Sallie Ann Jarrett bergabung dengan Resimen Pennsylvania ke-11 saat dia masih belia dan dengan cepat menjadi maskot resimen.

“Resimen itu melakukan patroli aktif selama musim gugur 1862, dan di sanalah mereka bertemu dengan anjing itu,” Christopher Gwinn, kepala interpretasi dan pendidikan di Taman Militer Nasional Gettysburg, mengatakan kepada The Dodo. “Itu adalah kasus di mana anjing itu mengikuti resimen saat mereka berbaris.”

Sallie mengingatkan orang-orang tentang kehidupan mereka sebelum perang dan memberikan mereka kenyamanan dan selalu menemani saat mereka menghadapi kondisi yang sulit.

“Anjing itu akan mengikuti mereka kemanapun mereka pergi, dan diduga anjing itu hanya akan menggonggong pada tiga hal – wanita, pemberontak, dan Demokrat,” kata Gwinn. “Tentu saja, pada tahun 1860-an, Lincoln adalah seorang Republikan, jadi Demokrat berada di sisi berlawanan dari spektrum ideologis dan politik.”

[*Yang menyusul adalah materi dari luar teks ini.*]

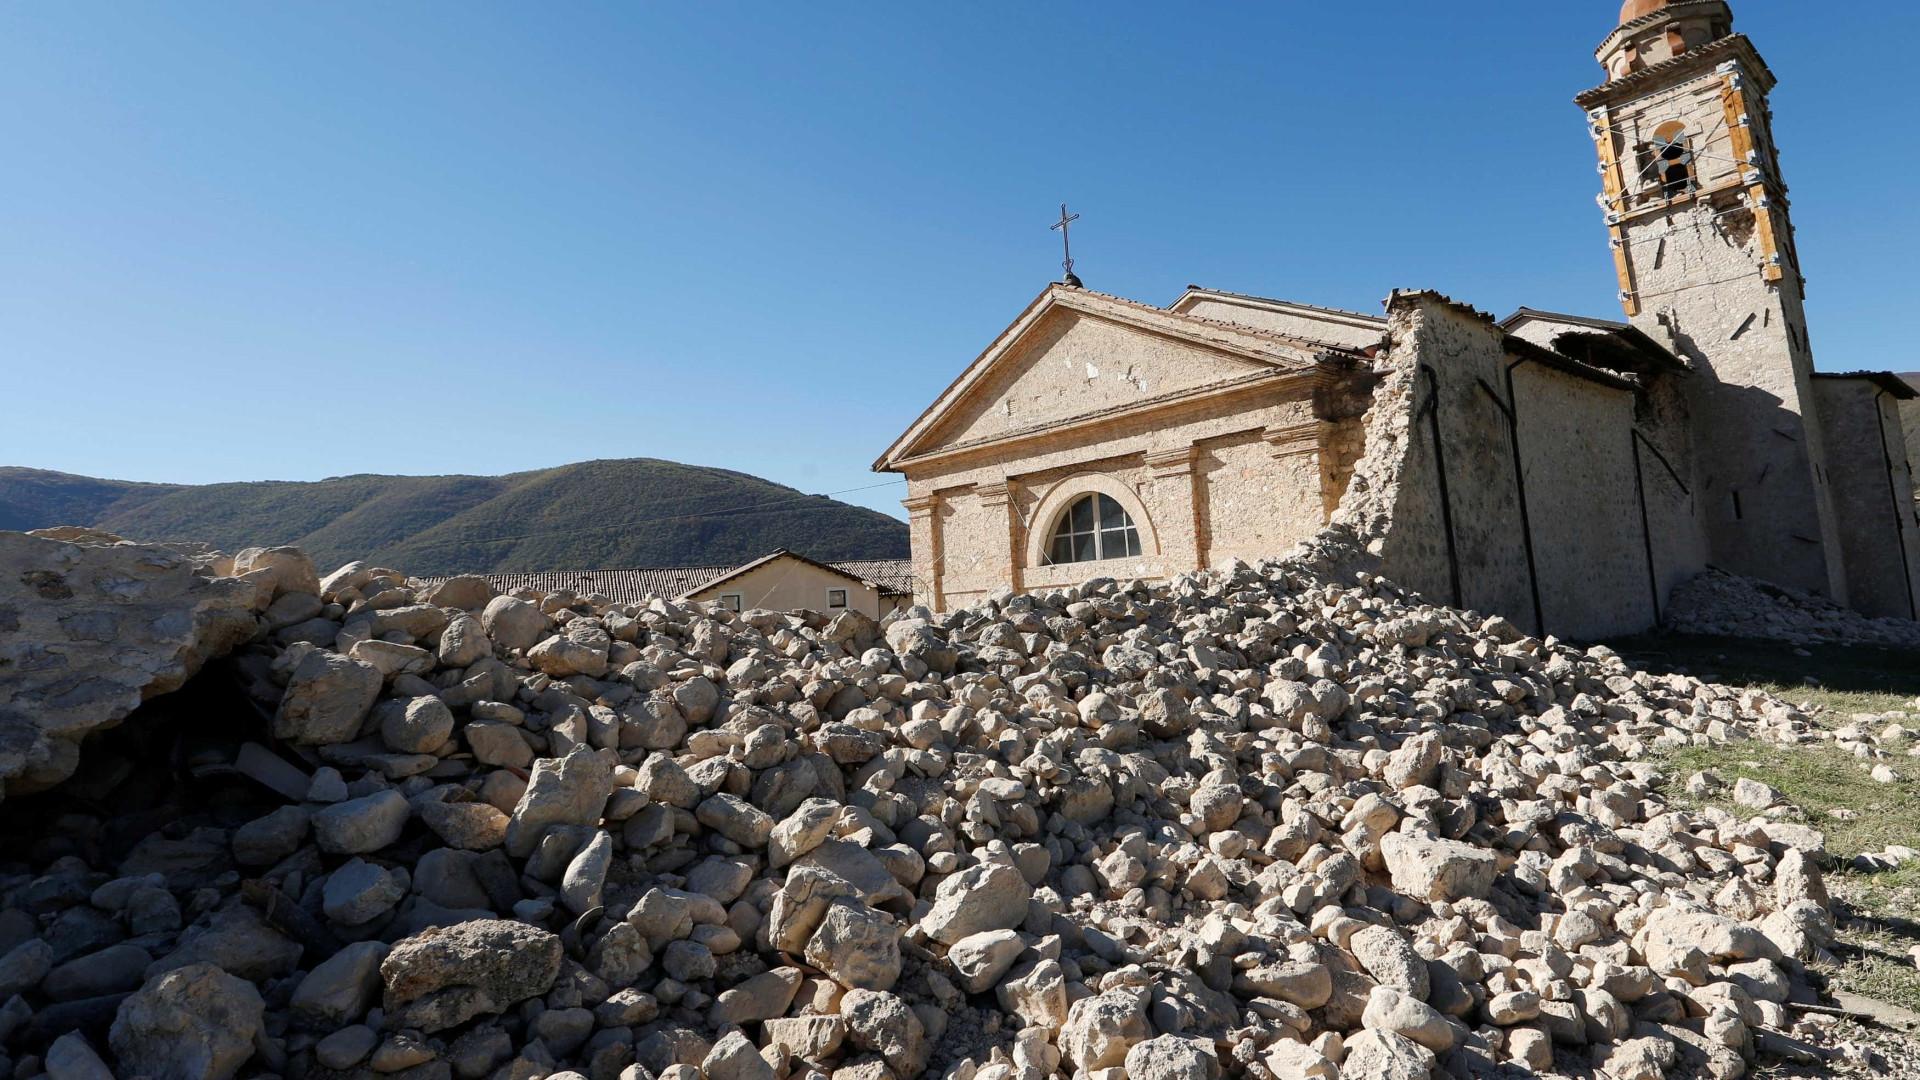 Terremoto na Itália pode ter afundado  solo em mais de 25 cm

Sallie begitu setia pada resimennya sehingga dia mengikuti mereka ke dalam medan perang, mengambil posisinya di ujung garis tembak dan menggonggong pada musuh.

Pada hari pertama Pertempuran Gettysburg, Sallie bergabung dengan Resimen Pennsylvania ke-11 seperti biasa. Namun, ketika keadaan menjadi lebih buruk dan prajurit dipaksa mundur dengan kacau, Sallie tersesat dan dikhawatirkan mati.

Pada akhir pertempuran epik yang berlangsung selama tiga hari, orang-orang dari Pennsylvania ke-11 akhirnya dapat kembali ke punggung bukit di mana mereka awalnya berjuang untuk menguburkan rekan mereka yang mati. Di sana, mereka menemukan Sallie, dengan sabar menunggu, menjaga mayat rekan-rekan mereka yang terbunuh.

“Dia tidak meninggalkan medan perang – dia tinggal bersama orang-orang itu,” kata Gwinn. “Dan orang-orang yang bertempur di Gettysburg di Resimen Pennsylvania ke-11 sangat mengingat saat itu – itu tidak pernah meninggalkan mereka.”

Meskipun dia lemah, anjing itu menolak untuk meninggalkan penjagaannya dan terus bertempur dengan resimennya, sampai dia terbunuh di Pertempuran Hatcher’s Run pada bulan Februari 1865.

Ketika tiba saatnya untuk merancang monumen, para veteran meminta untuk memiliki rupa Sallie di dasar patung, dengan namanya tertulis di bawahnya. Taman tidak akan menyetujui prasasti itu, jadi sampai hari ini, identitas anjing di patung itu tetap menjadi rahasia orang dalam.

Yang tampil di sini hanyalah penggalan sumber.